Chinese Martial Arts has a history of thousands of years. During the past 1500 years, many different styles of Kung Fu (KF) have been developed in China and several of them are still being practiced. The Yau-Man style of KF was developed during the Ch’ing Dynasty (1644-1911) with the purpose to help Chinese revolutionaries in the war against the Manchu invaders (Neto et. al, 2007). The Yau-Man KF was developed from the collective knowledge of several other ancient styles. The strikes of Yau-Man KF differ from most other combat sports’ strikes because they usually begin closer to the target or opponent. Other distinguished characteristic of the Yau-Man strikes is that the movements are terminated before full extension of the arms (Neto et al., 2007).

In most martial arts and contact sports strikes are often trained in two different ways: with and without impacts. In the last couple of years, there have been studies that focused on strikes with impacts (Neto et al., 2007; Walilko et. al., 2005) and without impacts (Neto and Magini, 2007; Ribeiro et al., 2006). However, the authors are not aware of any article that compared either physiological or biomechanical variables in both scenarios. This study aims to compare the EMG of the triceps brachii (TB), biceps brachii (BB) and brachioradialis (BR) muscles during strikes with and without impacts.

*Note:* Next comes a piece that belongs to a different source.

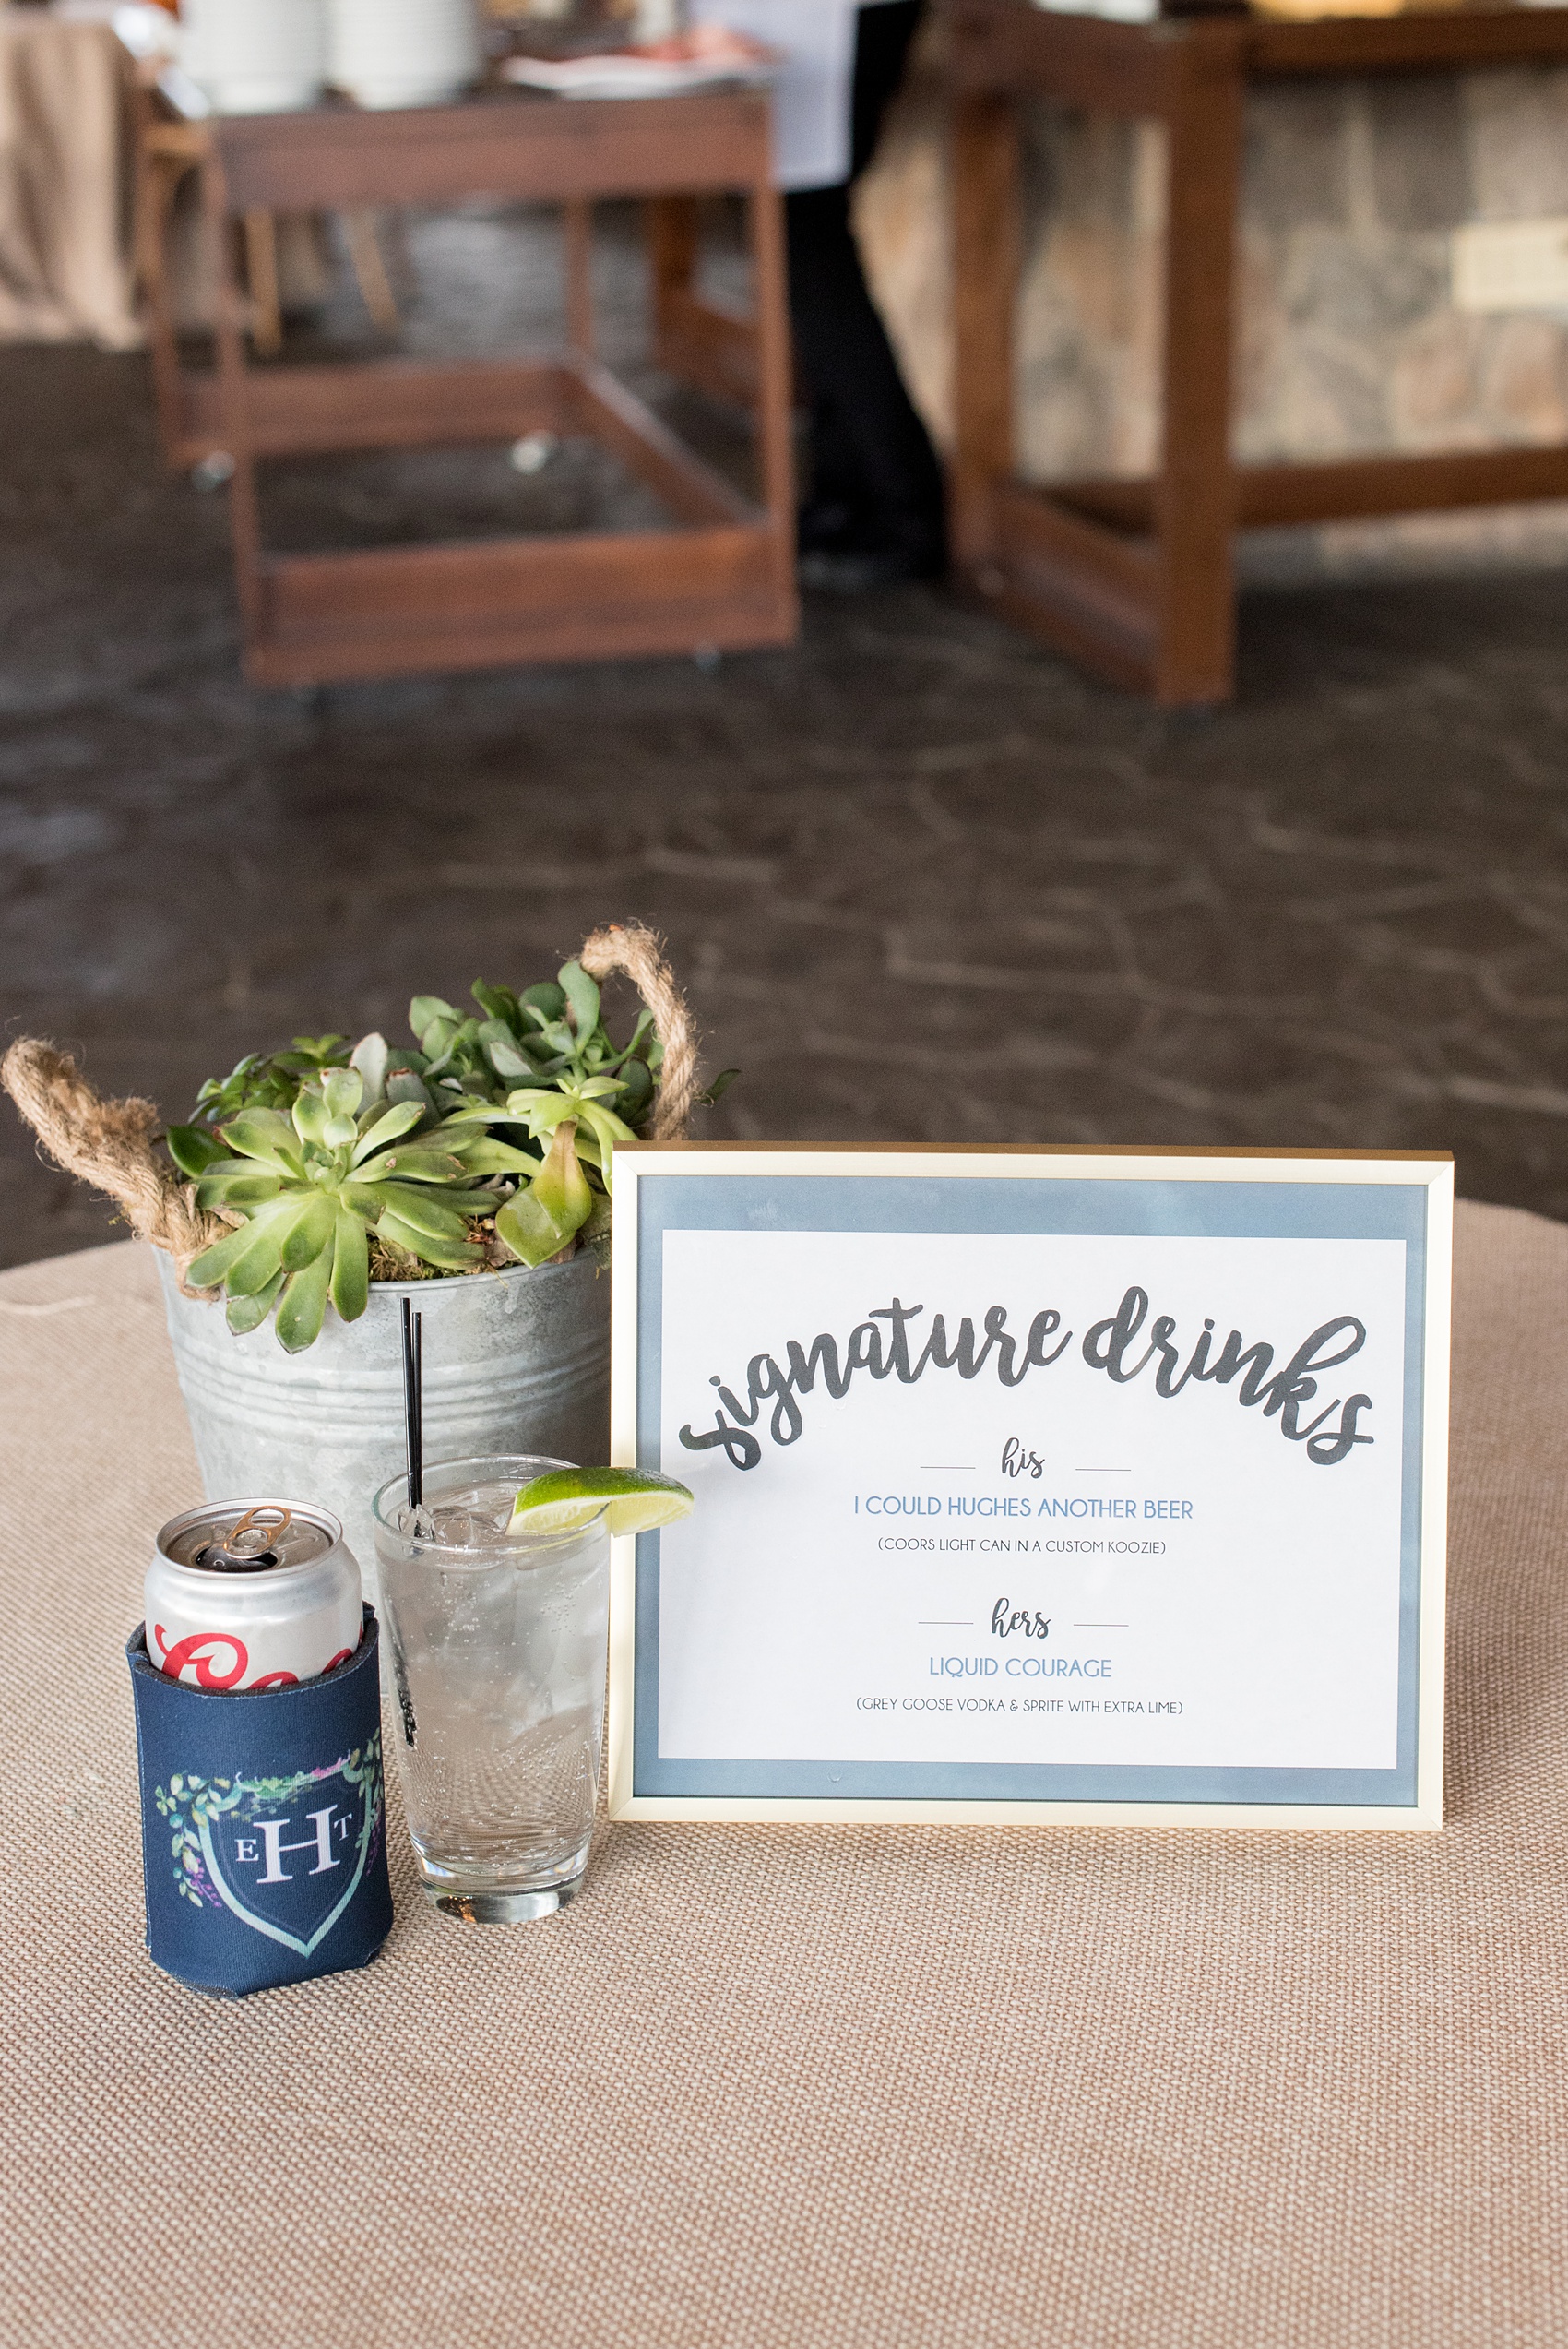 Crystal Springs Resort wedding photos in New Jersey, with photographer Mikkel Paige Photography. The couple’s spring wedding had an outdoor ceremony with photos at this rustic, woodsy venue showing their blue and pink palette decor from getting ready to their reception. This photo shows the couple's custom koozies and signature drinks sign. Click through to see their complete wedding recap! #NewJerseywedding #MikkelPaige #NJweddingphotographer #NJphotographer #springwedding #pinkandblue #cocktailhour #signaturedrink

Eight Kung Fu Yau-Man practitioners (training experience of 2.8 ± 3 years; 1 year minimum) were selected to participate in the experiment. The participants’ average height, mass and age were 1.76 (SD = 0.05) m, 75 (SD = 9.2) Kg, and 21.8 (SD = 5.9) years. Each participant performed 5 sequences of 5 consecutive KF Yau-Man palm strikes without impact intercalated with 5 sequences of 5 repetitions targeting a KF training shield. A detailed description of this movement can be found on Neto et al., 2007. Surface EMG signals were obtained from the biceps brachii (BB), brachioradialis (BR) (two of the main antagonist muscles) and triceps brachii (TB) (main agonist muscle) at the dominant side of the body. The participants were allowed to position themselves in relation to the shield and to adjust its height as they wished.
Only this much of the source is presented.